He concluded: “Socialism is essential to eliminate exploitation, unemployment, poverty, economic crisis and war. Socialism is the only solution to climate change, pollution and global warming. Let us work together to build the movement that will ensure that this century becomes the era of socialism.”
Delegates then warmly welcomed Comrade Jong In Song from the DPRK embassy in London who conveyed the greetings of Workers Party of Korea to the Congress and wished it well.
The financial crisis gripping the NHS sparked many contributions to debate in the Congress. Peter Hendy from the North West District of the NCP, who is a psychiatric nurse, told the Congress: “The NHS is suffering a financial crisis that can only get worse, despite record levels of expenditure.
“It is estimated that the NHS is £900 million in debt with no sign of the crisis abating. Health trust deficits are causing cuts in patient care and staff jobs. More beds, jobs and even whole hospitals face the axe to meet cash shortfalls.
“To cut costs and slash budgets has meant sacking workers, freezing pay and slashing services to the bone. Nurses and other health workers are being offered a pathetic 1.5 per cent pay increase – which at half the rate of inflation is effectively a pay cut.
“Twenty thousand workers are set to lose their jobs, 30 community hospitals are threatened with closure and 50 per cent of emergency departments could be axed.”
He also spoke on the crisis in mental health care: “High rates of suicide and of psychosis in prisons – estimated to be ten times higher than in the general population, demonstrate a complete failure to provide and develop appropriate services to meet prisoners’ mental health care needs.
“An unprecedented growth in the prison population demonstrates that prisons have now become the new psychiatric hospitals, warehousing society’s most vulnerable and stigmatised sections of the population.”
He went on to explain the reasons behind the crisis: the internal NHS market, in which “patients become no more than units of exchange in which managers conduct purchasing agreements”, the private finance initiative and the introduction of foundation status hospitals.
“Speak to anyone in the health service and they will describe a collective mood of demoralisation created by overwork and underpay,” Peter said. And he quoted a leftwing colleague: “When Margaret Thatcher left Downing Street, she shed a tear. I don’t want Tony Blair to shed a tear when he leaves Downing Street. I want him to be led away in handcuffs!”
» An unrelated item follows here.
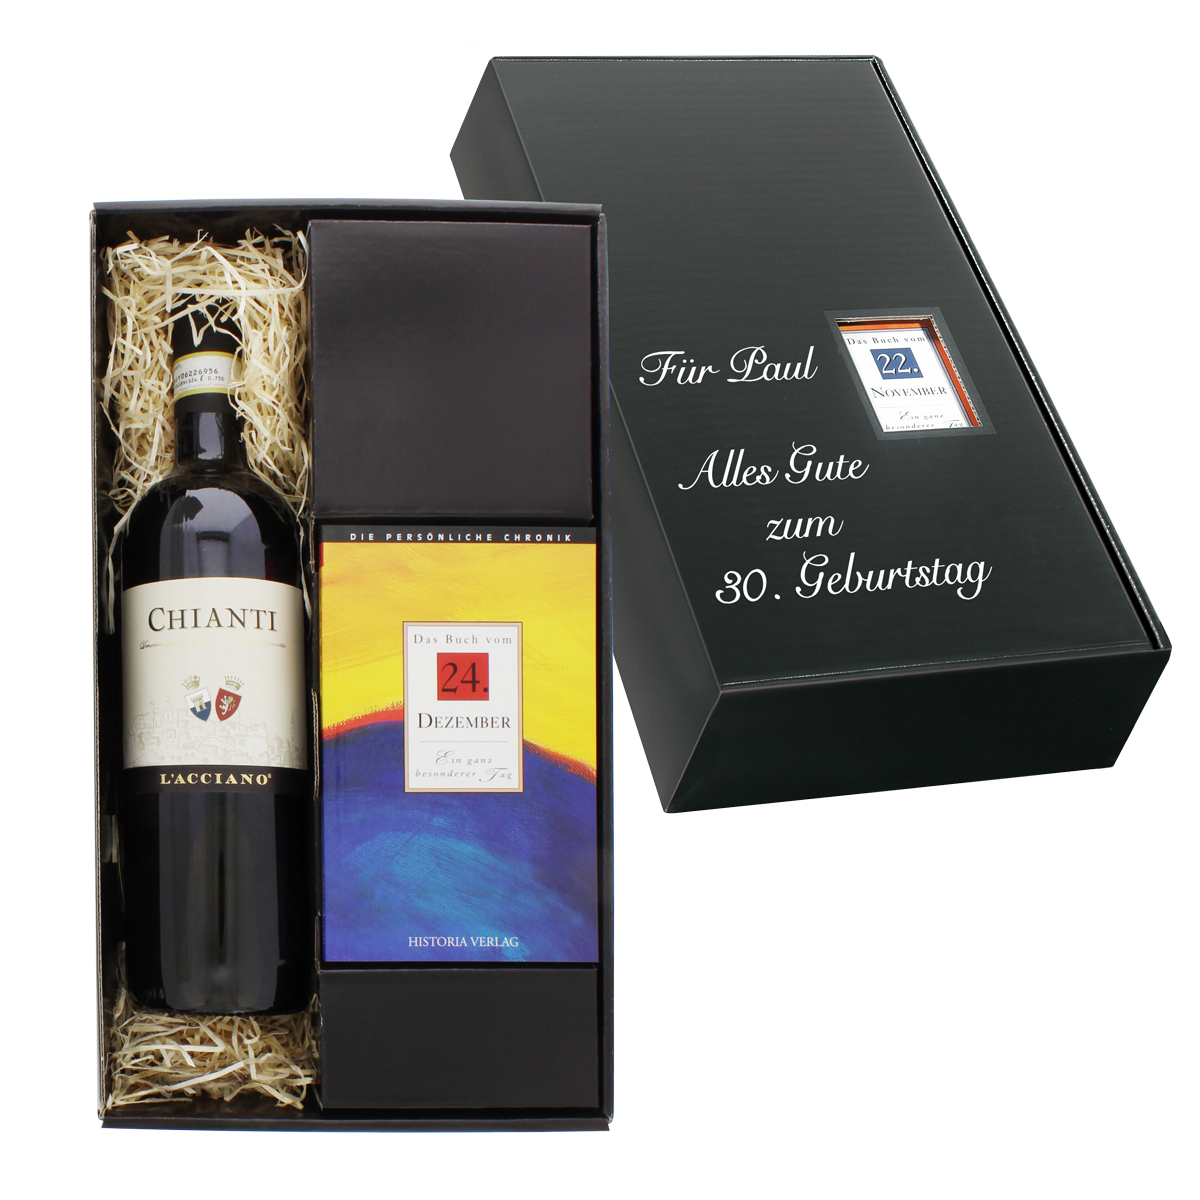 Italien-Set: Tageschronik vom 11. Dezember & Chianti-Wein

Ann Rogers from the Southall NCP spoke against the Government’s plans to replace Trident with a new submarine-based nuclear weapons programme. “This is not a simple replacement,” she said, “this is an upgrade costing up to £75 billion.” Ann pointed out that this was in breach of the Nuclear Non-Proliferation Treaty and also a threat to the environment. “War and weapons damage the environment worse than anything else,” she said.
Alex Kempshall spoke of the NCP delegation to People’s China and that country’s rapid economic growth and drive to eliminate poverty.
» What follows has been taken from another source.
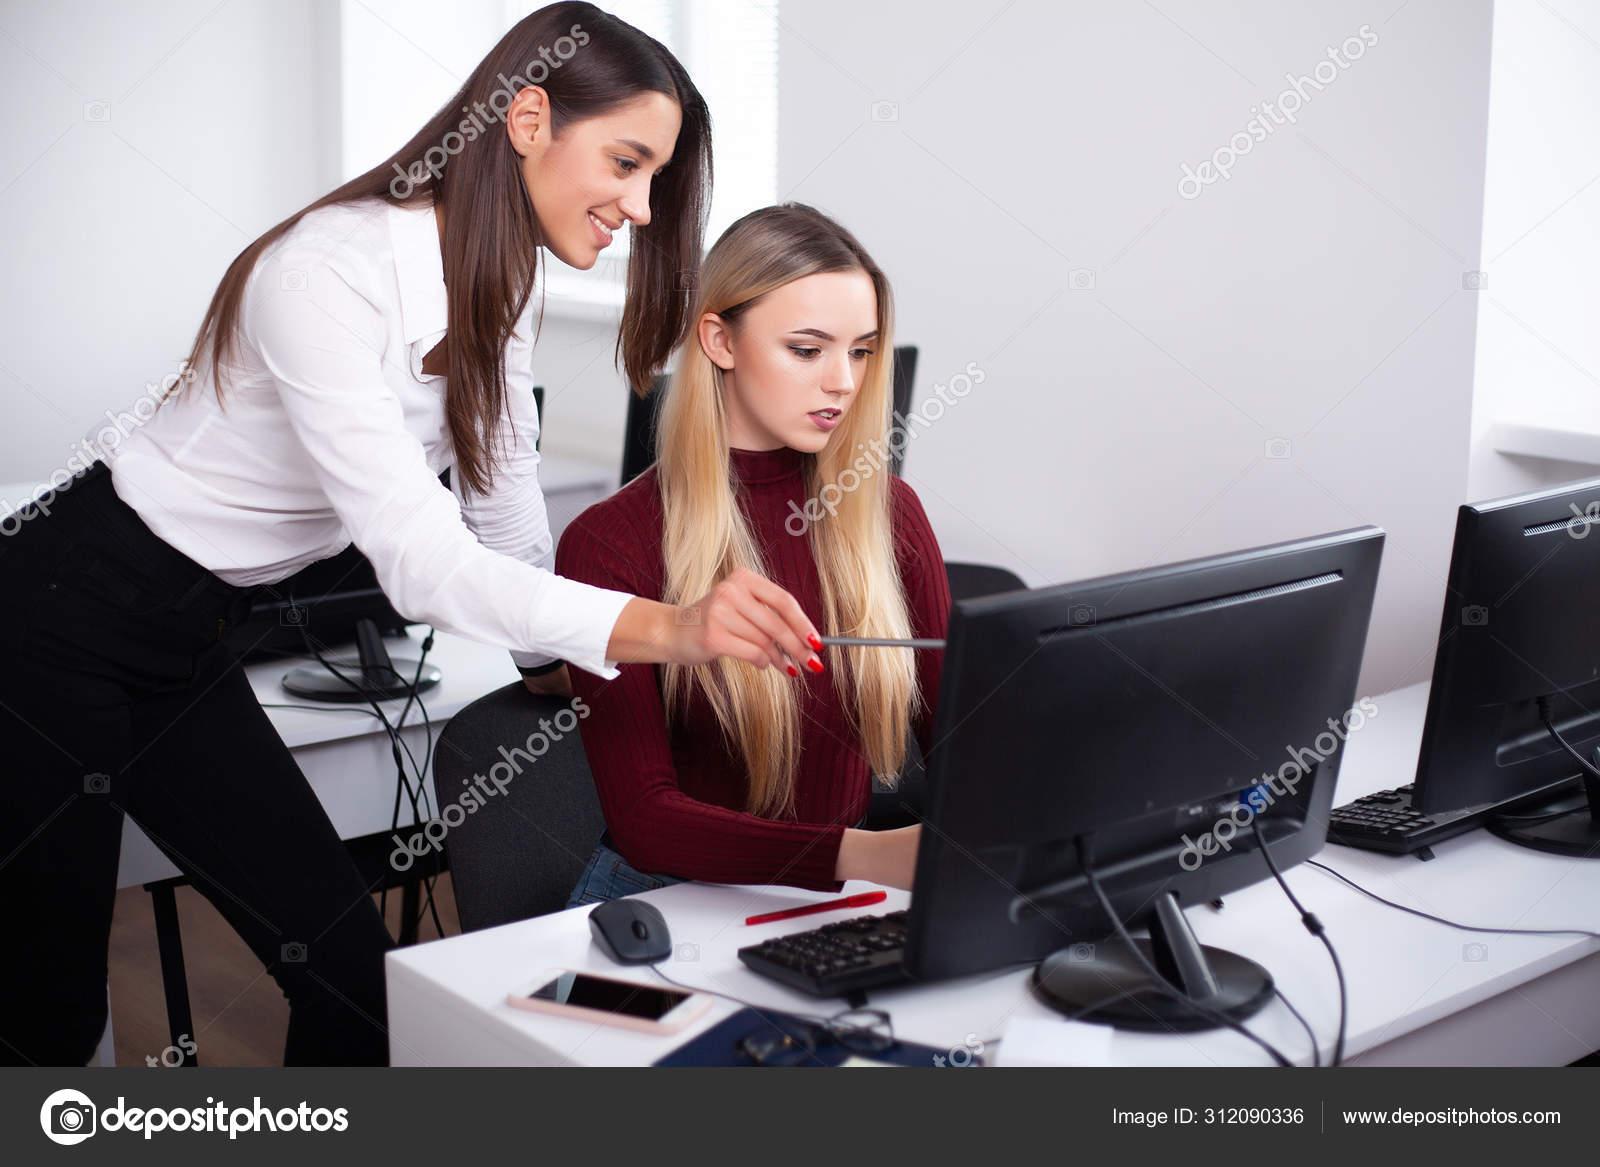 Образ девушки для работы гопка

Stefan Eggerdinger, representing the Workers’ League for the Restoration of the German Communist Party (AWfKPD) told the Congress about his party’s efforts to expose and combat German and European Union imperialism.
Severino Menendez from the Communist Party of the Peoples of Spain (PCPE) also spoke of European Union imperialism, the International Monetary Fund and the World Trade Organisation. He pointed out that when Israel attacked and invaded Lebanon Bush and Blair delayed any response from the international community. Only when the Lebanese resistance was winning, were international peace-keeping forces sent, and then to the invaded country, not the aggressor.
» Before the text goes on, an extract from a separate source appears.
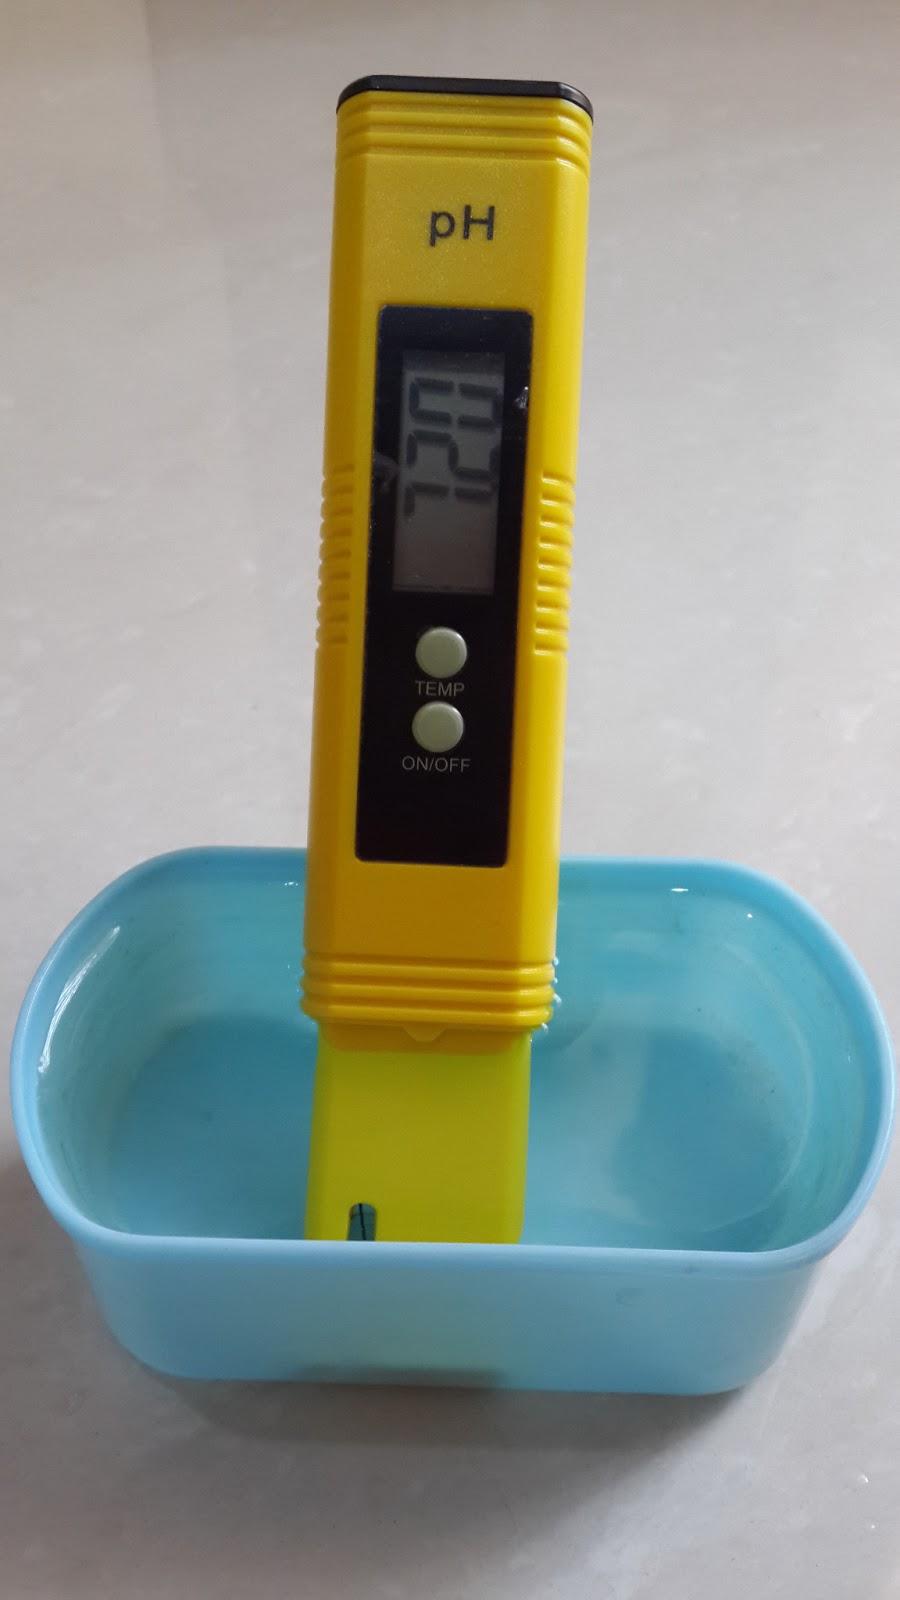 April 2016 Toko Yoni Celana Dalam Menstruasi Cd Mens Cdmens Anti Darah Digital Ph Meter Manual Calibration Bubuk Kalibrasi

He also spoke about the recent conference of communist and workers’ parties in Lisbon – continuing the annual international conferences initiated by the Greek Communist Party (KKE) and held in Athens in previous years.
Papagiotis Rentzelas of the KKE told the Congress that the US and EU were the leading imperialist aggressors in the world. He spoke of the EU assault on the hard-won social gains of European workers and the need to broaden the fronts of struggle.
Comrade Christodoulos Stylianou from the Progressive Party of Working People of Cyprus (Akel) paid tribute to the work of the KKE in initiating the international conference and spoke of Akel’s 80th anniversary earlier this year. He called for a just settlement to reunite his divided island and restore its full sovereignty.
Two comrades from the Marxist-Leninist Party of Turkey and Northern Kurdistan (MLTKP) spoke of their struggles to operate in conditions of illegality after raids and arrests on their party and other left parties in Turkey earlier this year.
They and many of their comrades are now in exile and they spoke of the desire to make links with communist parties in those countries where they find themselves.
In response to their appeal, the NCP Congress drafted an emergency motion of support, condemning the suppression of the left Turkish parties and calling for the release of all political prisoners.
Hanne Rosenvald from the newly-united Communist Party of Denmark spoke of the process of unification which had brought the party into existence a few months ago. She also spoke of international solidarity against the war in Iraq, the fight against racism and against attacks of fundamental rights. And she concluded with an account of her party’s struggle for democracy and sovereignty against the EU.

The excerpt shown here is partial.